FYI - I did not mention in my initial post that having 2 low volume boats means the pump can not be stowed between the seat and hull. I no longer want it bungeed on the outside.
Exactly
While I do use the block and bulkhead combination in my own boats, the majority that I’ve outfitted have used two block. They’re easily installed using contact cement.
Correct
The absolute worst case scenario with the foam blocks is that you would kick one or both of them off in a panicked exit and have to find an alternative way to carry your pump for the rest of the trip. There is no way you can get hung up on them. Additionally, the pump is held high enough that it's actually difficult to hit it with your feet, especially since it's along the centerline of the deck.
BTW, depending on the design of the seat and the pump in question, storage between the cheek plate and hull may still be possible in a low volume boat. I do that on both my Pintail and Anas Acuta.
ease of access
using foam blocks is a very accessible method for just the pump but there’s a way of anchoring a mesh bag or flat sheet of plastic with bungies through four anchor attachments that also works. The problem with just using bungies is that the pump doesn’t naturally slide under the bungies but if you have a flat surface for the end of the pump to slide against you can slide the pump up and in securely.

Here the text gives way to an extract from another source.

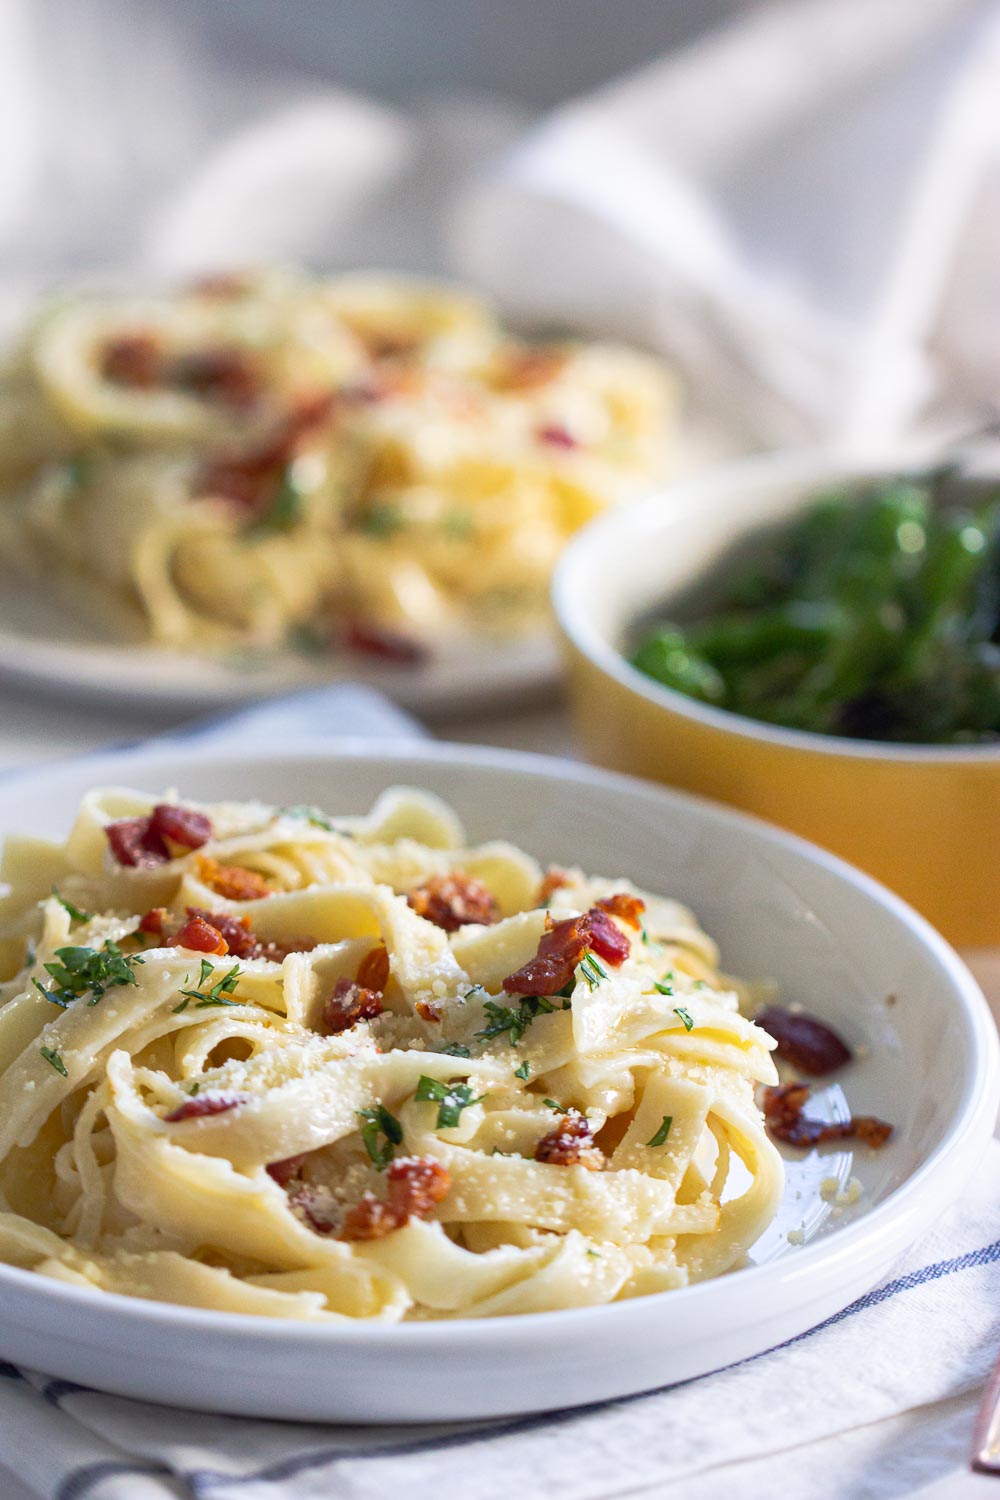 This creamy pear and mascarpone pasta get its kick from pear tossed in mascarpone cheese and crispy prosciutto. Ready on the table in 15 minutes and it's perfect for a quick weeknight recipe.
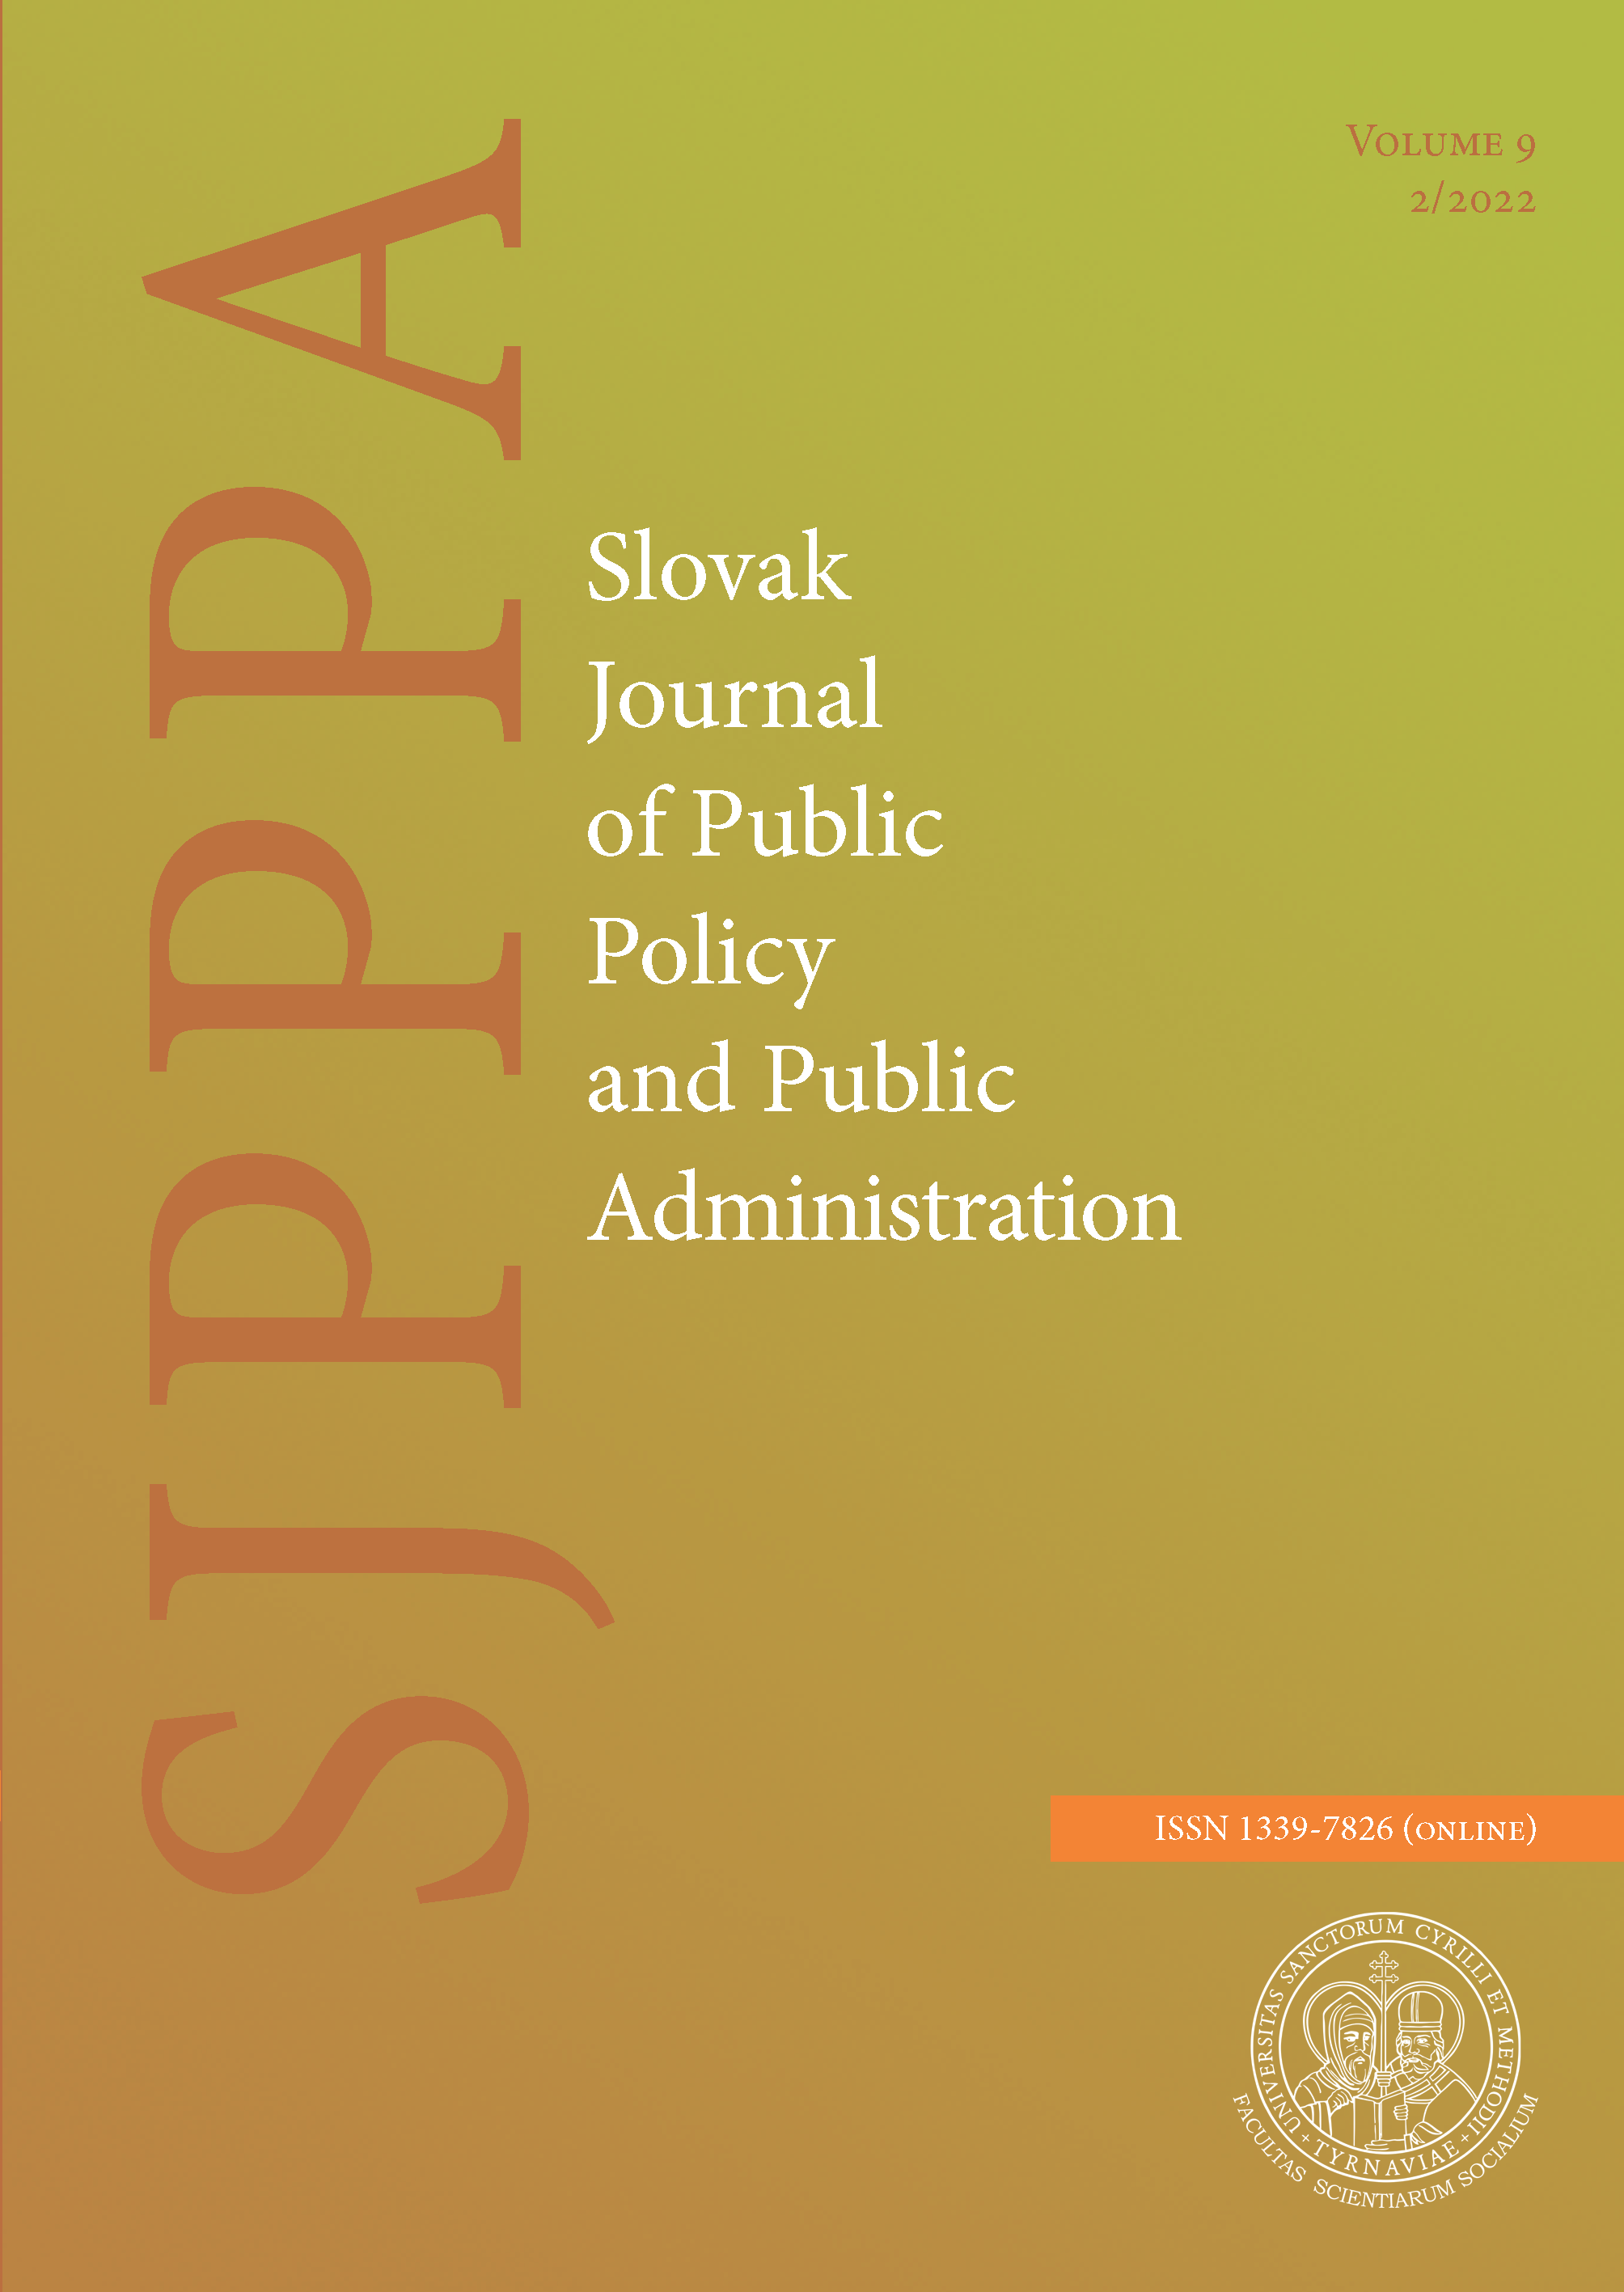 					View Vol. 9 No. 2 (2022): Slovak Journal of Public Policy and Public Administration

the method for securing bungies is with a 4" piece of 1" webbing folded over and epoxied to the underside. You get to that area but turning the kayak over, mark four 1 1/2"x1 1/2" areas that are sanded/roughed up with 60grit. Apply epoxy to 1" section of overlapped webbing and onto underside of deck. Position loop of webbing over sanded area and weight with platic covered brick. If the deck is peaked all this stuff will slide to the middle so you’ll need a couple plastic tape covered bricks in the middle holding things in place. When cured up attach your back/plastic sheet to the webbing.